> **Aim of the exercise**
Give back the exact lines of the material below from the one containing "Ladies Platform Modular" through the one containing "élévateur à greniers", and no pictures.

> **Given data**
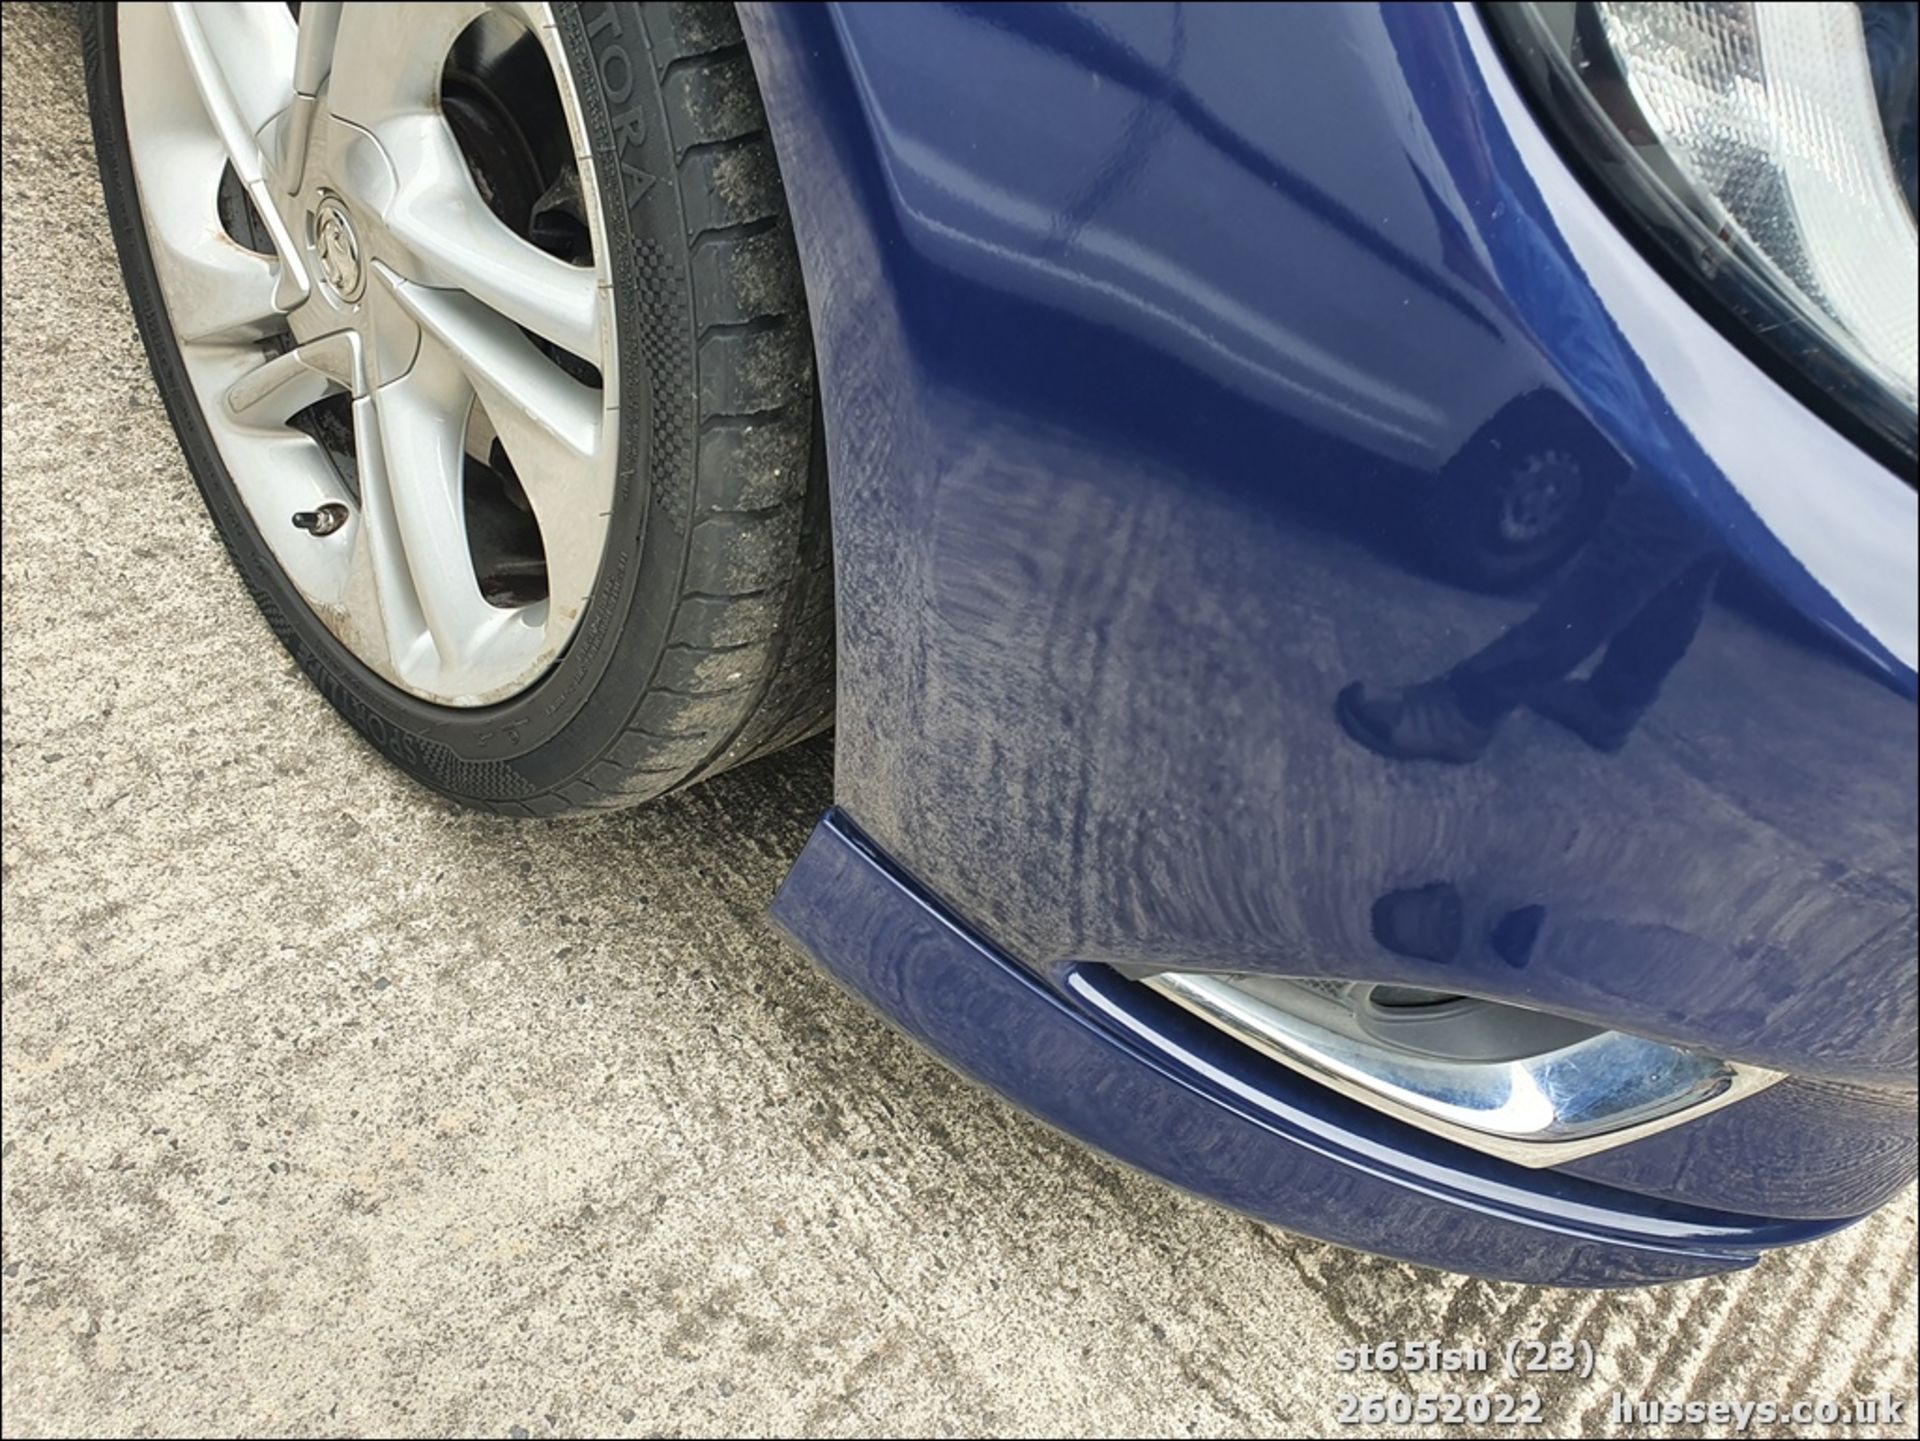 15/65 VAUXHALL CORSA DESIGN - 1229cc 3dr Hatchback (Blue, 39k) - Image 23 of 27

==

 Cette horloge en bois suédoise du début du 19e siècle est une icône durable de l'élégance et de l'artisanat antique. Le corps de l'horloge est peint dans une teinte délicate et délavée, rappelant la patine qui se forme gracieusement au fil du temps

==

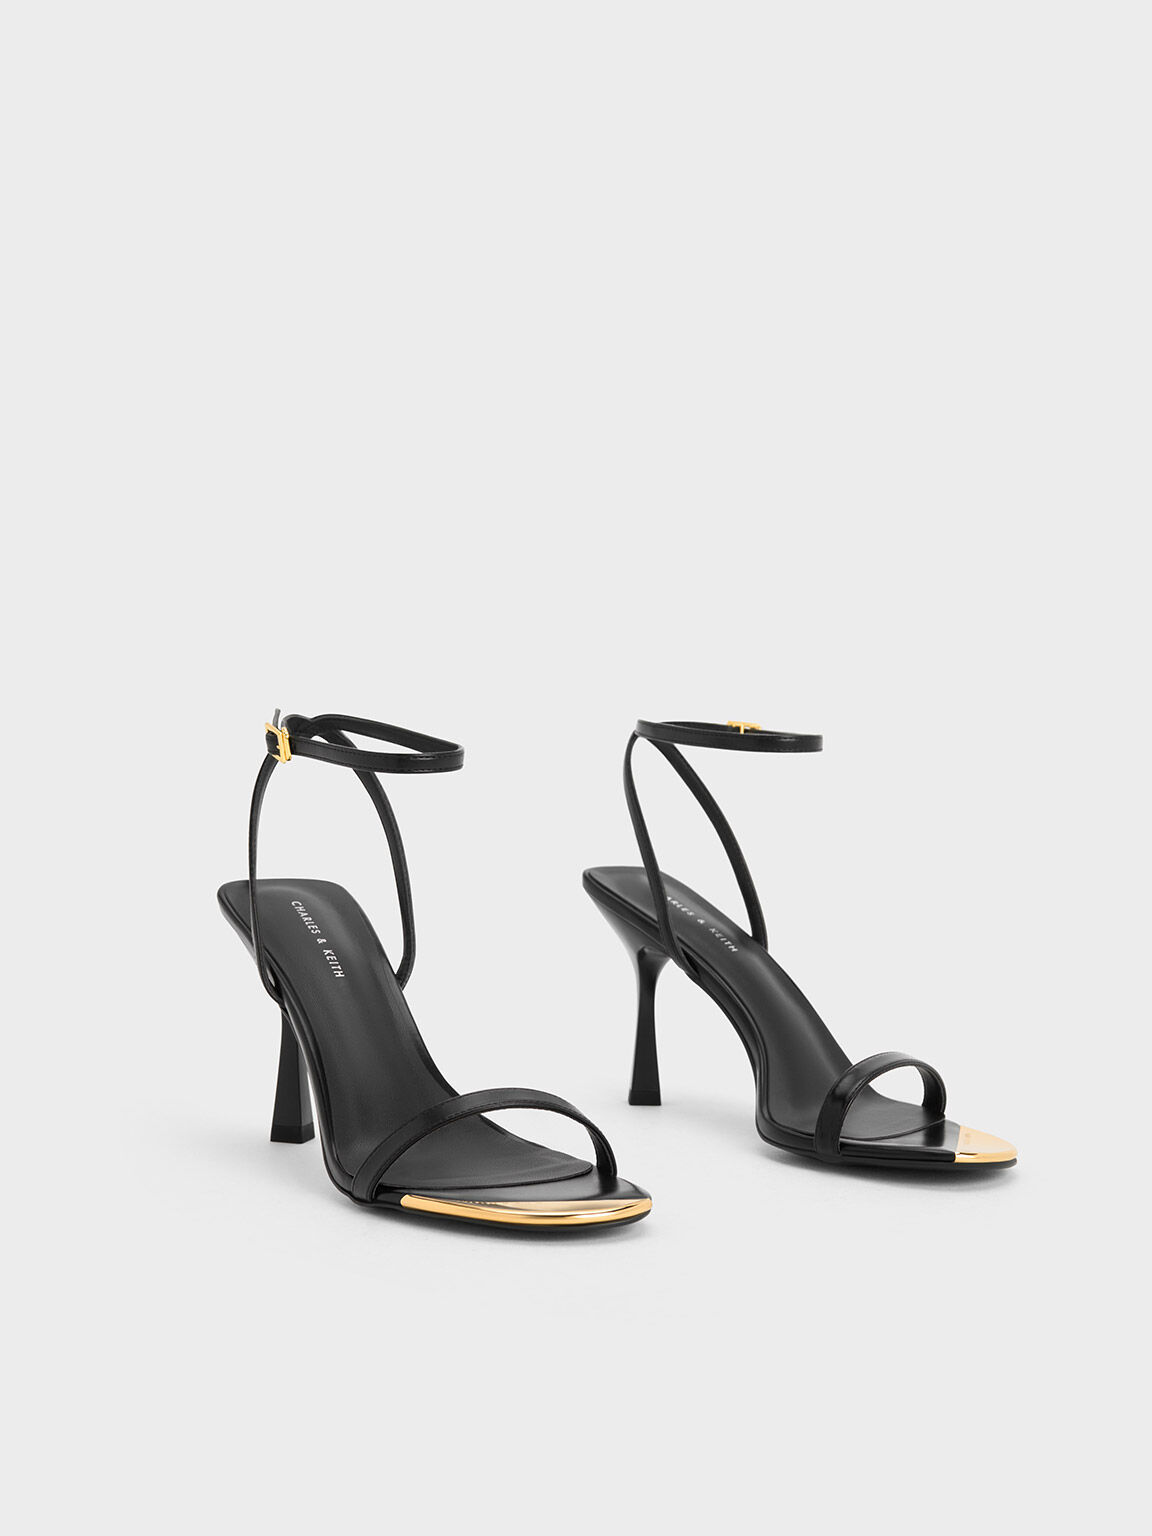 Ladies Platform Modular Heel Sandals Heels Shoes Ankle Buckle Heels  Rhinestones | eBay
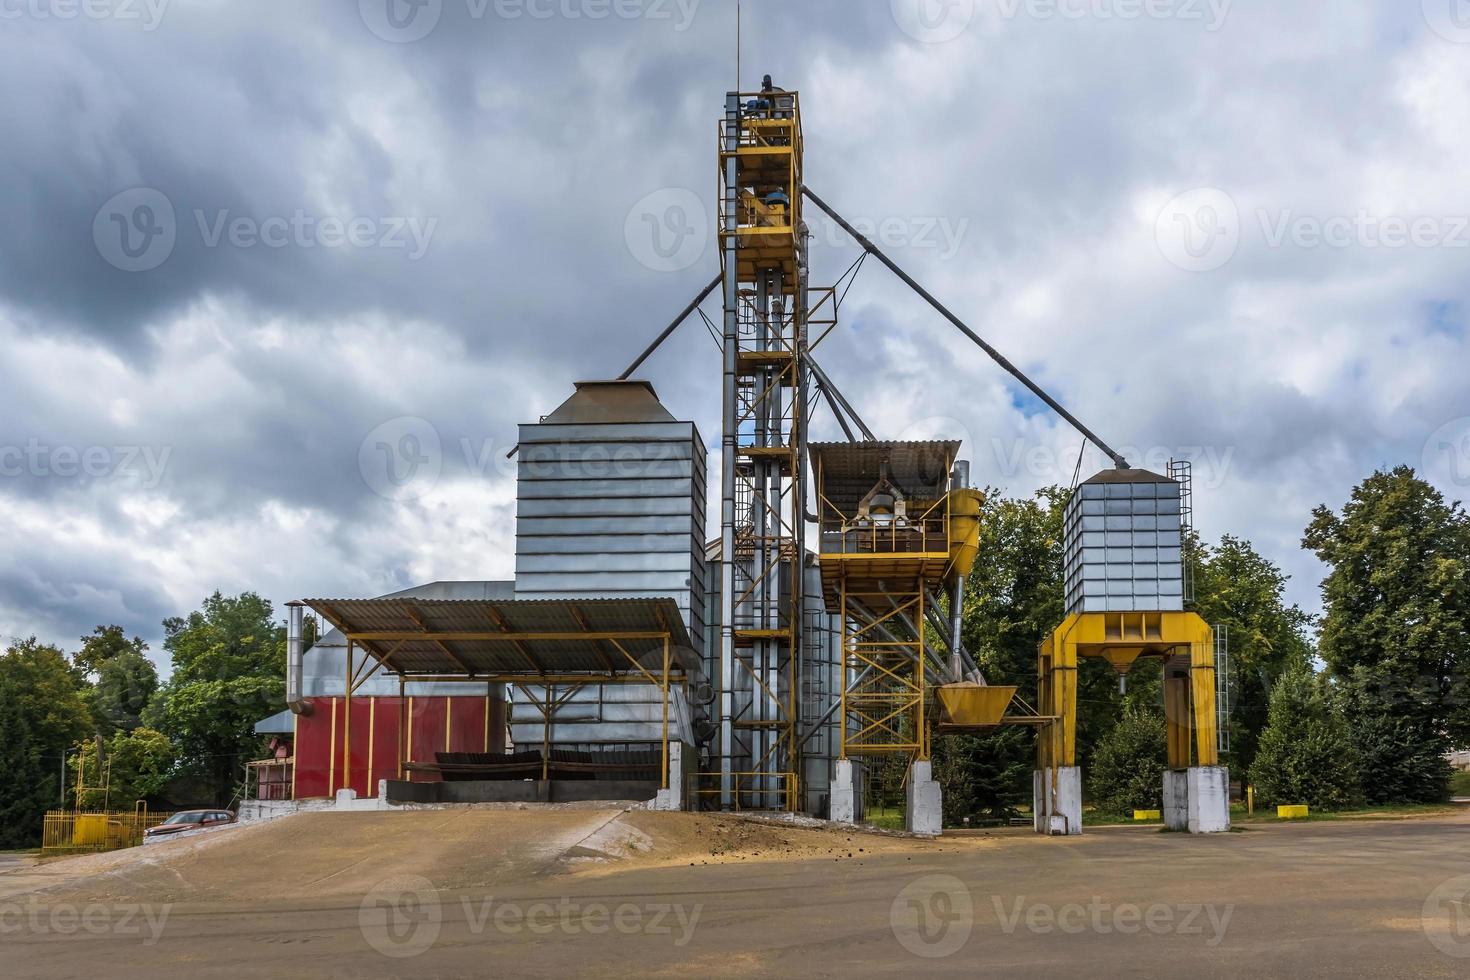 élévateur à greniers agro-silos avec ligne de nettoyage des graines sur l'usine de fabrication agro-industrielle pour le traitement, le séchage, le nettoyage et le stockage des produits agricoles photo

> **Result of this exercise**
 Ladies Platform Modular Heel Sandals Heels Shoes Ankle Buckle Heels  Rhinestones | eBay
 élévateur à greniers agro-silos avec ligne de nettoyage des graines sur l'usine de fabrication agro-industrielle pour le traitement, le séchage, le nettoyage et le stockage des produits agricoles photo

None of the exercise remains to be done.